Work item →
Please reproduce the final stretch of the listing below: the line that contains "#WindowsXP #WindowsME #Navy #Computers" and all lines after it, verbatim, with nothing else.

Given data START

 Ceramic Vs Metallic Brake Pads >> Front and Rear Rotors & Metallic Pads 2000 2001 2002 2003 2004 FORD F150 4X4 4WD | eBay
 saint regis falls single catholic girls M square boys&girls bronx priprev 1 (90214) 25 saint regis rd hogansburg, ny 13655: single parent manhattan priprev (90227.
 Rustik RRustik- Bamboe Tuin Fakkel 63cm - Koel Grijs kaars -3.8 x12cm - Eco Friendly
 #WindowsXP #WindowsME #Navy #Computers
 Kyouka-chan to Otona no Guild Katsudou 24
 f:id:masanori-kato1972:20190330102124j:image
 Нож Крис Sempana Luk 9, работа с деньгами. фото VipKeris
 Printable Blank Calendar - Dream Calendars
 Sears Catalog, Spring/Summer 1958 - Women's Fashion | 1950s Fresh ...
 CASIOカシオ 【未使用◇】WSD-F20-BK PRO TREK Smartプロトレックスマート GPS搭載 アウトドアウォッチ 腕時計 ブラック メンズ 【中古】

Given data END

Exercise result →
 #WindowsXP #WindowsME #Navy #Computers
 Kyouka-chan to Otona no Guild Katsudou 24
 f:id:masanori-kato1972:20190330102124j:image
 Нож Крис Sempana Luk 9, работа с деньгами. фото VipKeris
 Printable Blank Calendar - Dream Calendars
 Sears Catalog, Spring/Summer 1958 - Women's Fashion | 1950s Fresh ...
 CASIOカシオ 【未使用◇】WSD-F20-BK PRO TREK Smartプロトレックスマート GPS搭載 アウトドアウォッチ 腕時計 ブラック メンズ 【中古】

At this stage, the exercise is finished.